## Task brief
Take the line with "The small town" as the first and the last line of the data as the end. Write out both and every line between exactly, except pictures.

## Supplied data
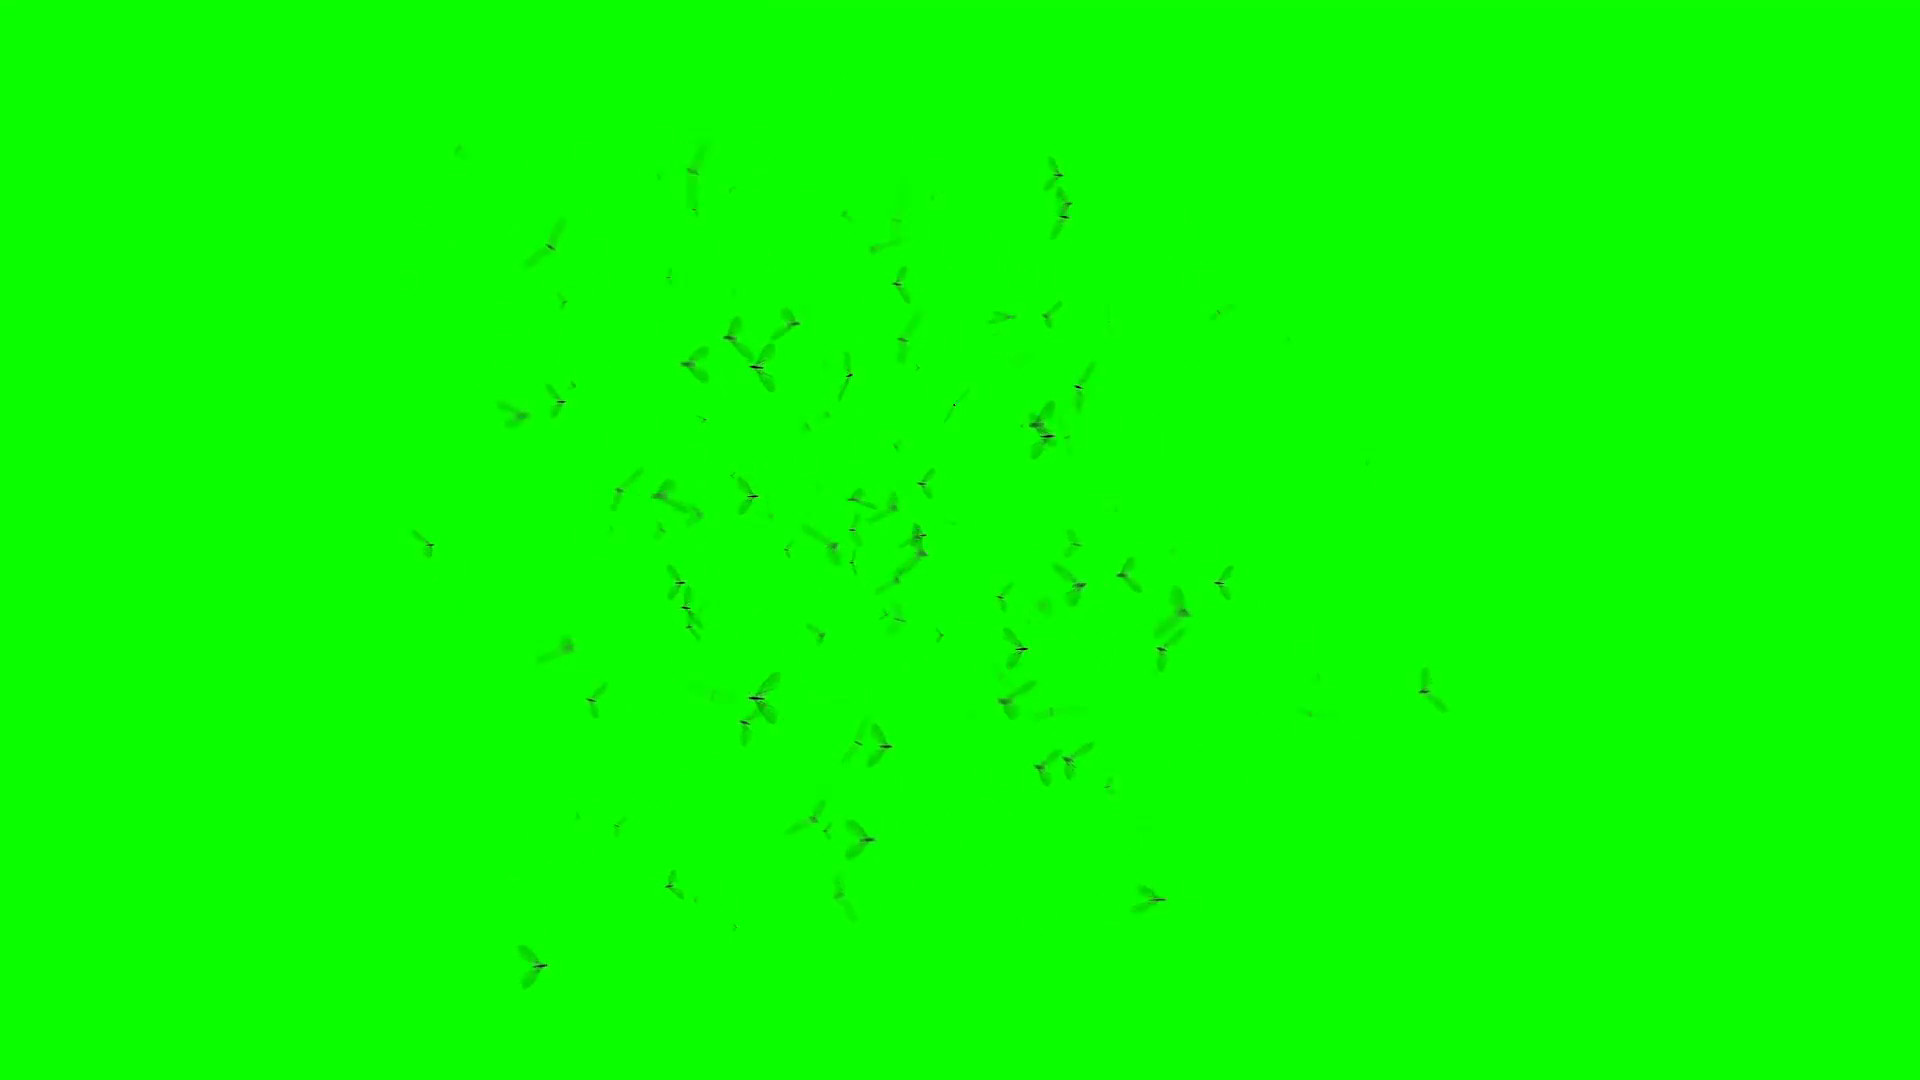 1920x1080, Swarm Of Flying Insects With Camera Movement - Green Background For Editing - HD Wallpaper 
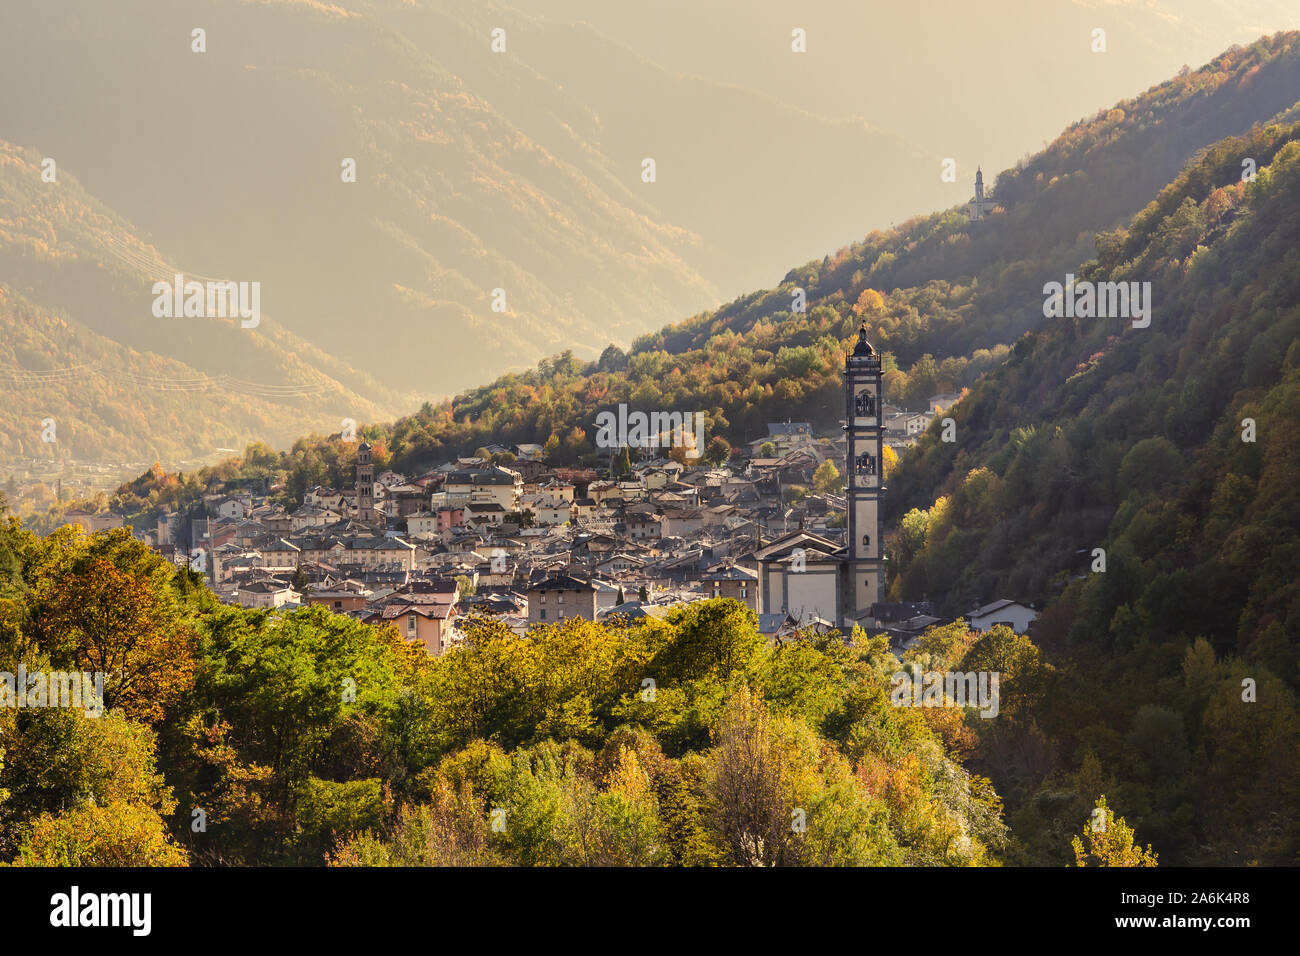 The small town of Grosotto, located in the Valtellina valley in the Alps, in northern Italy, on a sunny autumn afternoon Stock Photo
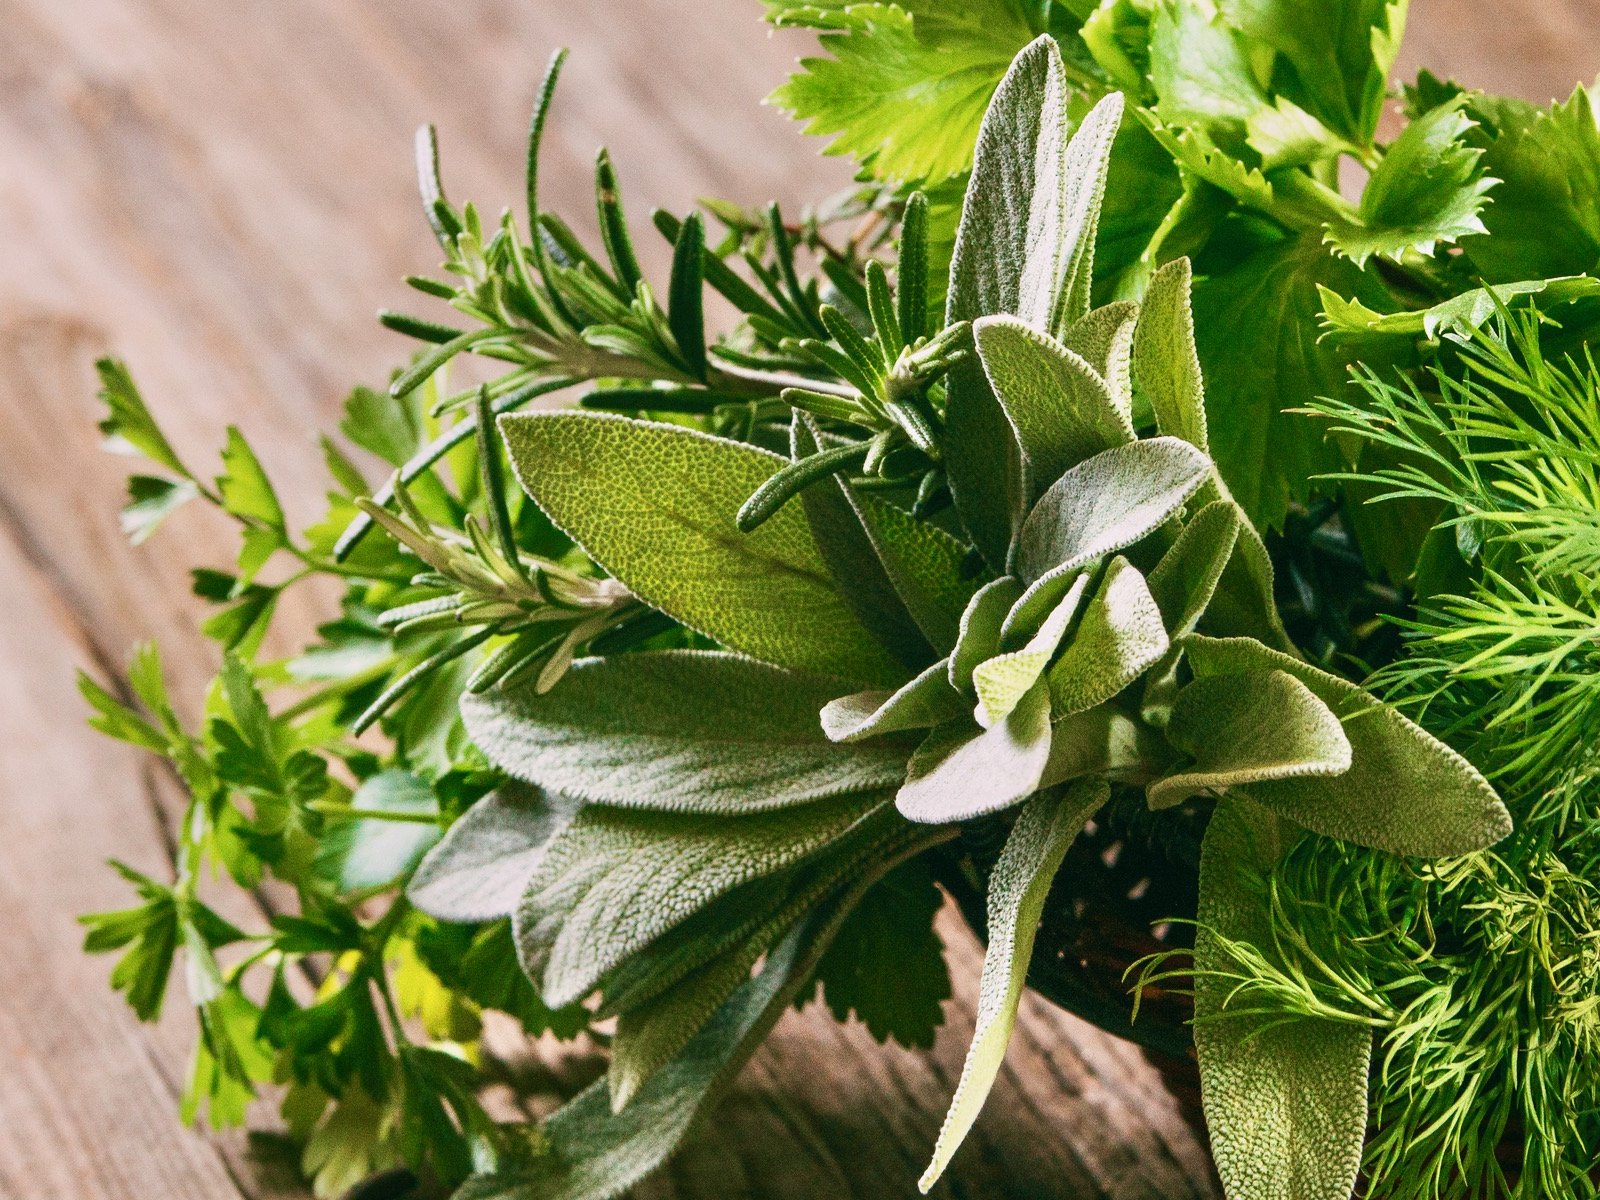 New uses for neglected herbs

## Solution for this task
 The small town of Grosotto, located in the Valtellina valley in the Alps, in northern Italy, on a sunny autumn afternoon Stock Photo
 New uses for neglected herbs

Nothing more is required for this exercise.